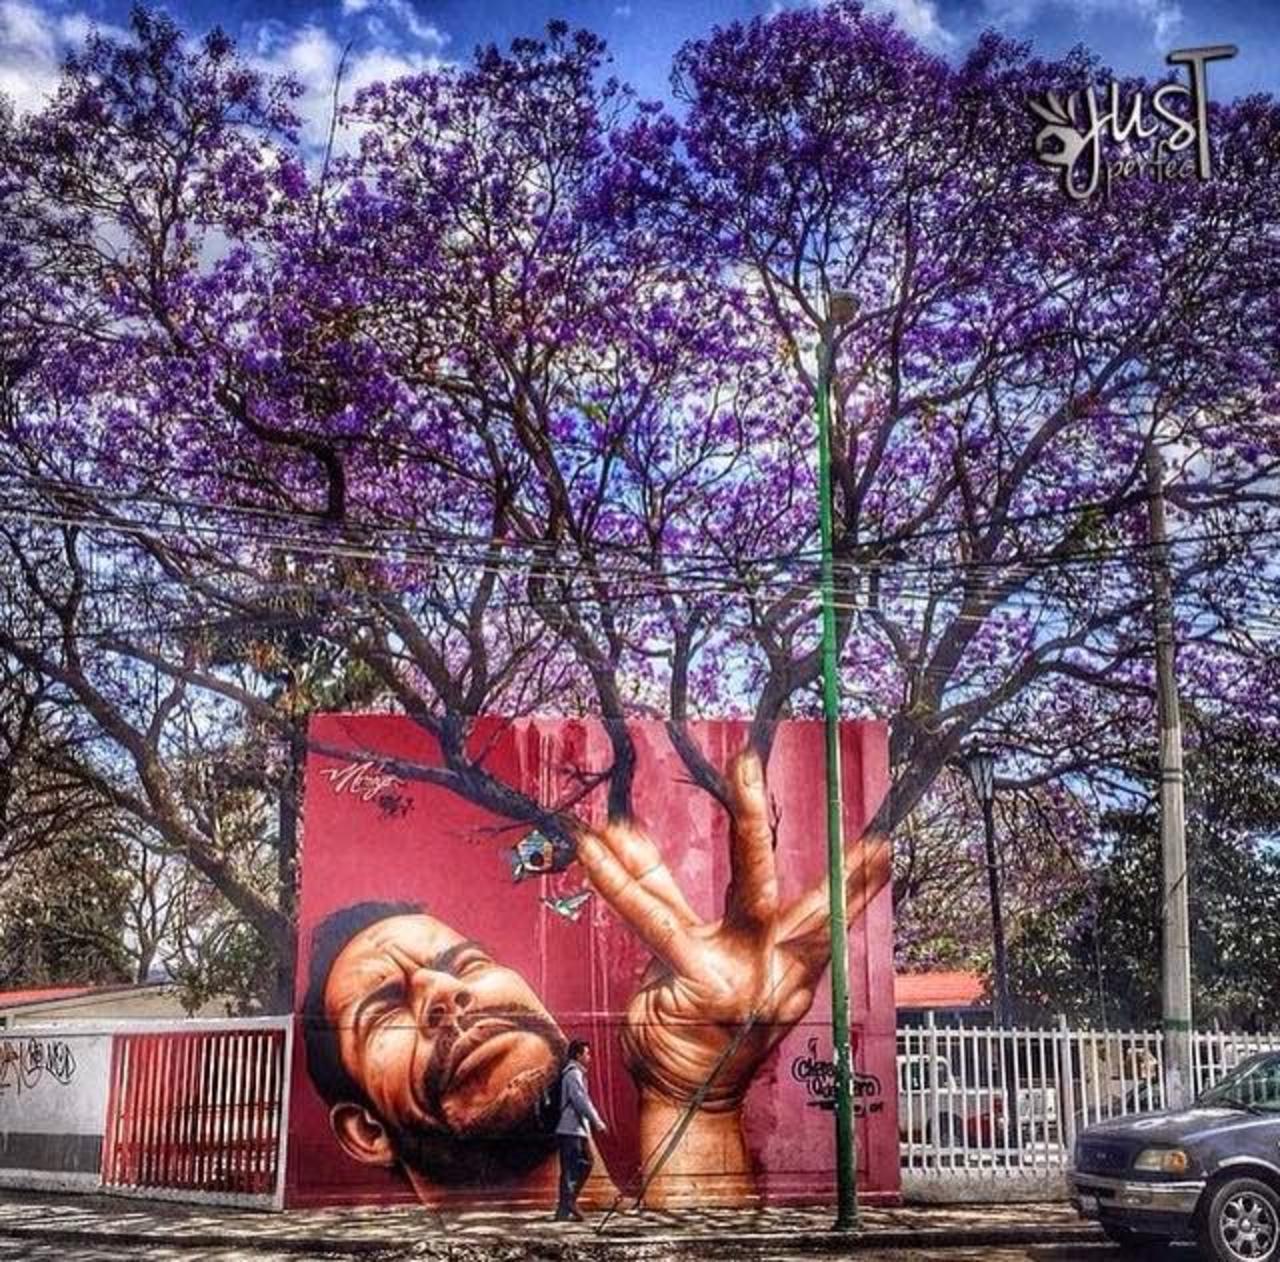 RT @upbyartists: Street art in Mexico by Jose Luis Noriega
#streetart #illustrator #art #gallery #graffiti http://t.co/YbjWa33ptF
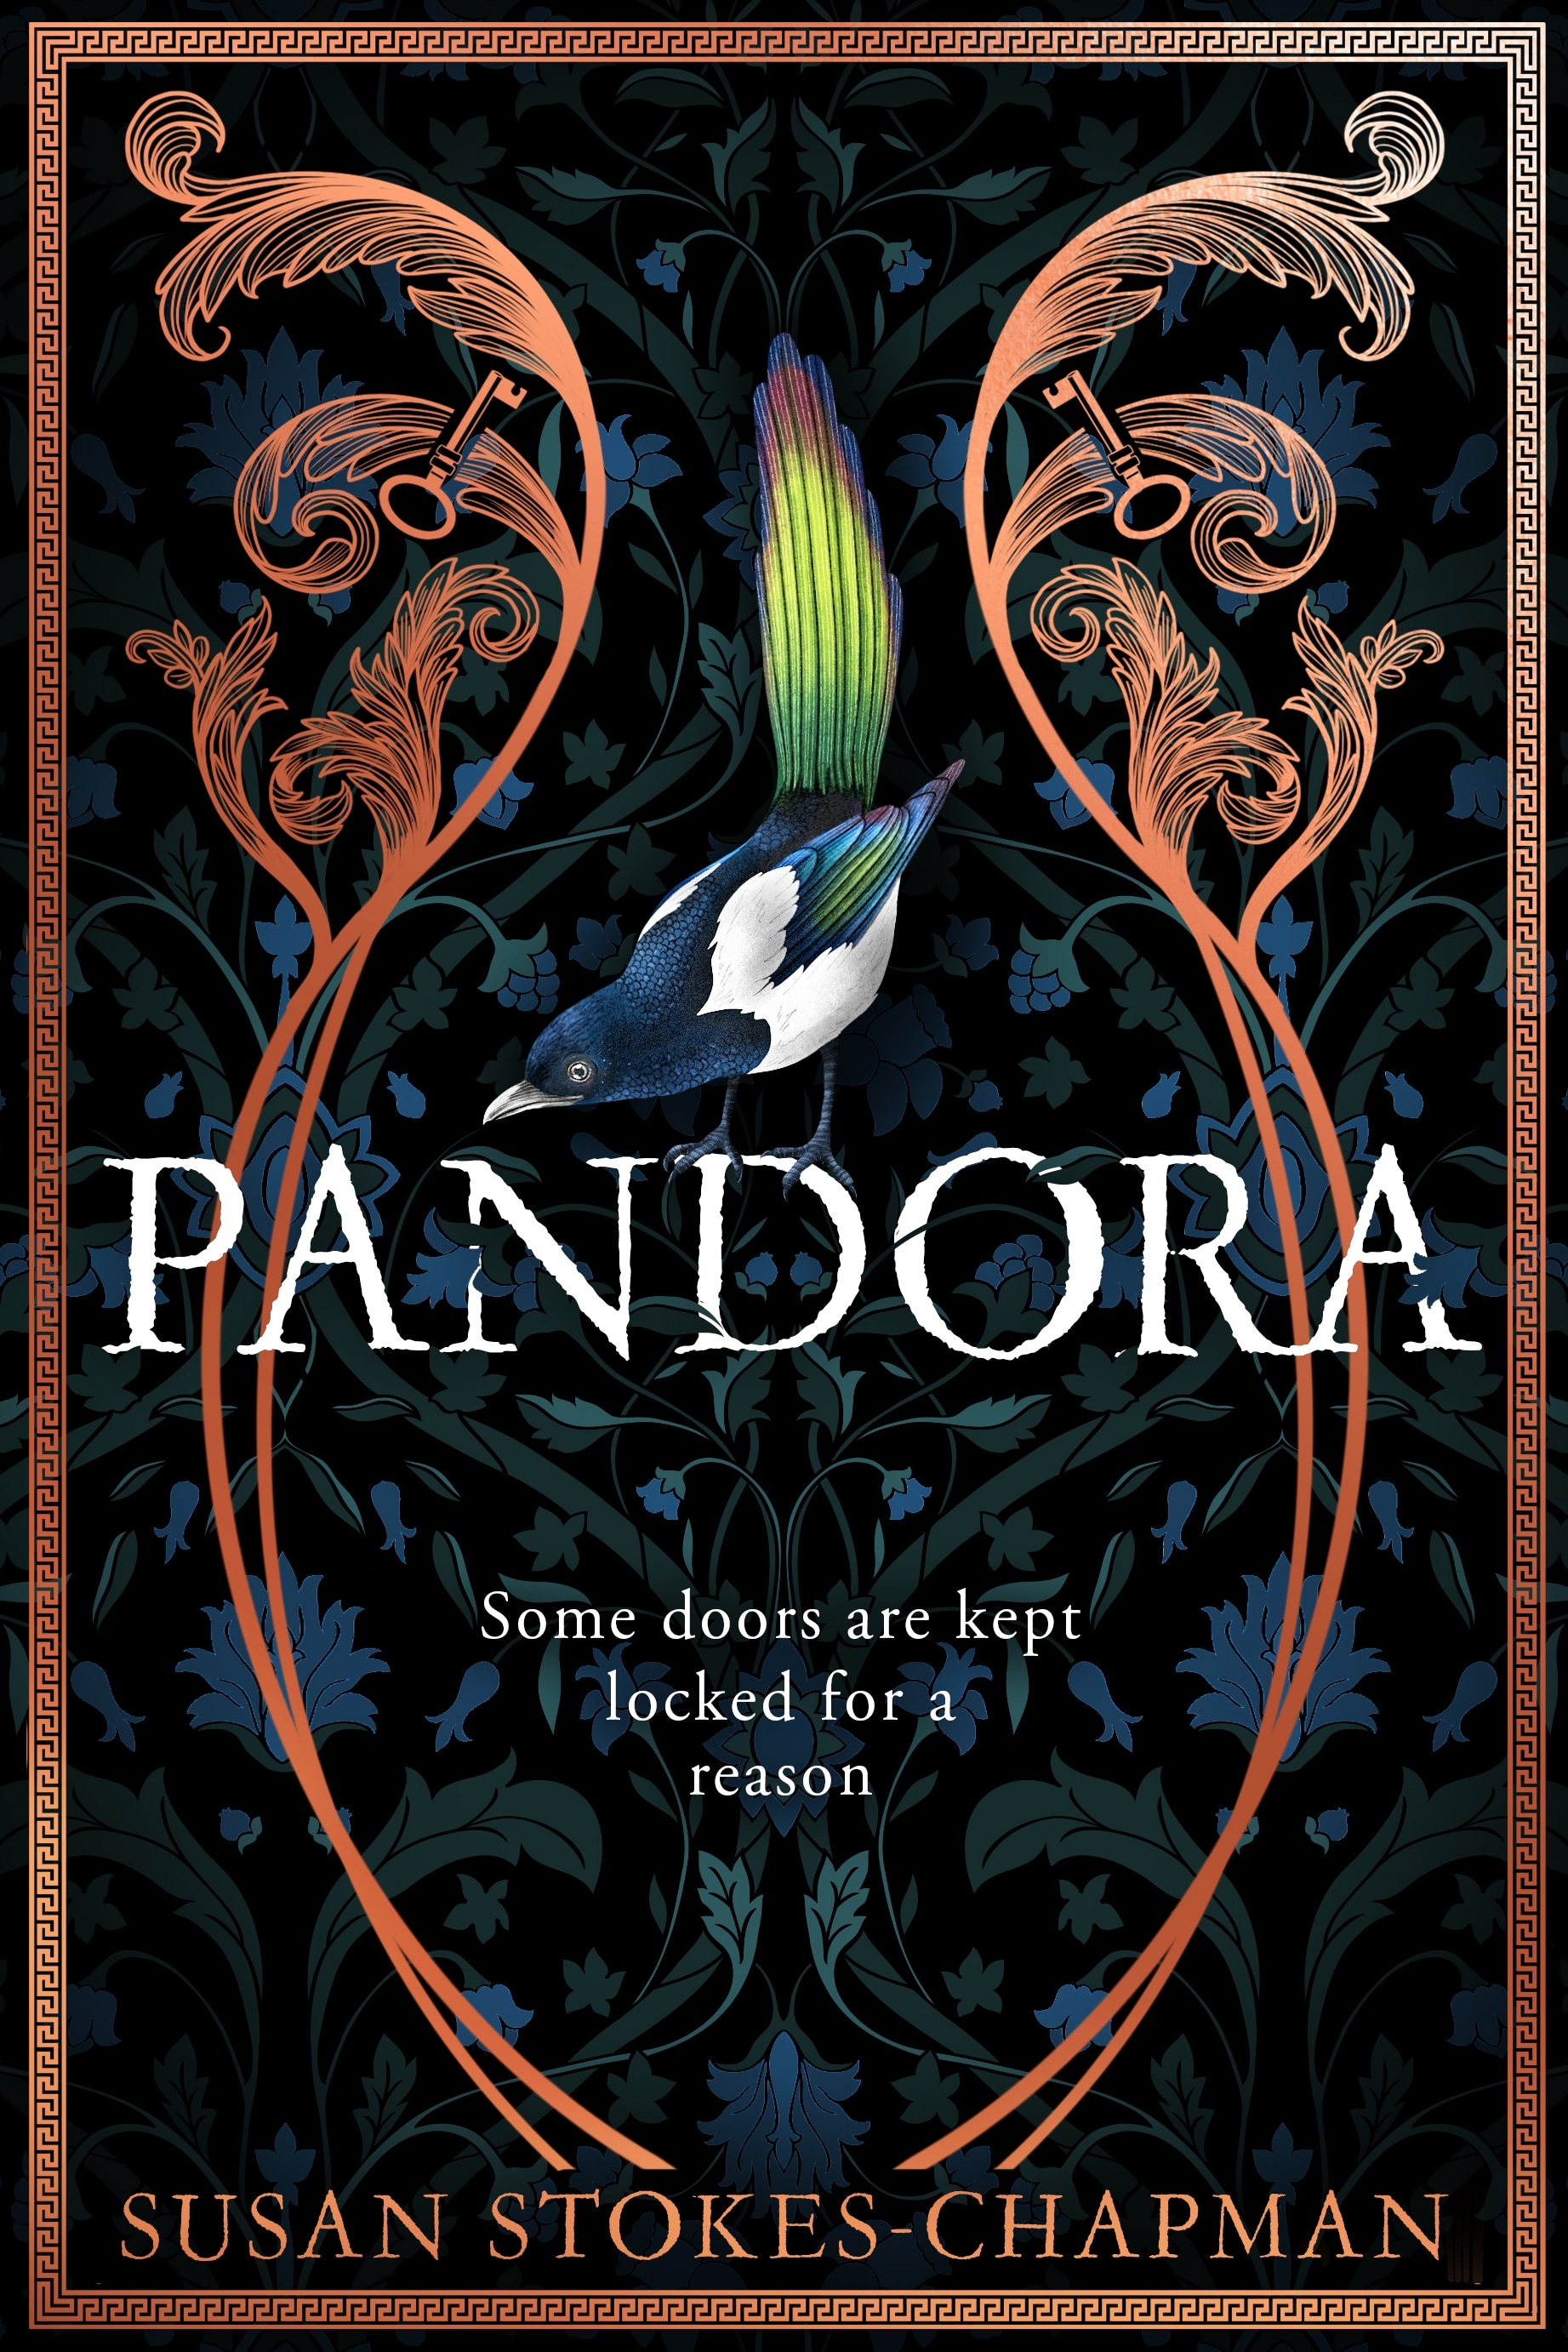 Book “Pandora” by Susan Stokes-Chapman — January 27, 2022

_ _ _ _

§ Work instructions:
Could you return exactly the lines starting with the one that contains "#streetart #illustrator #art" and ending with the last line of the data above? Leave the pictures out.

§ Answer to the exercise:
#streetart #illustrator #art #gallery #graffiti http://t.co/YbjWa33ptF
 Book “Pandora” by Susan Stokes-Chapman — January 27, 2022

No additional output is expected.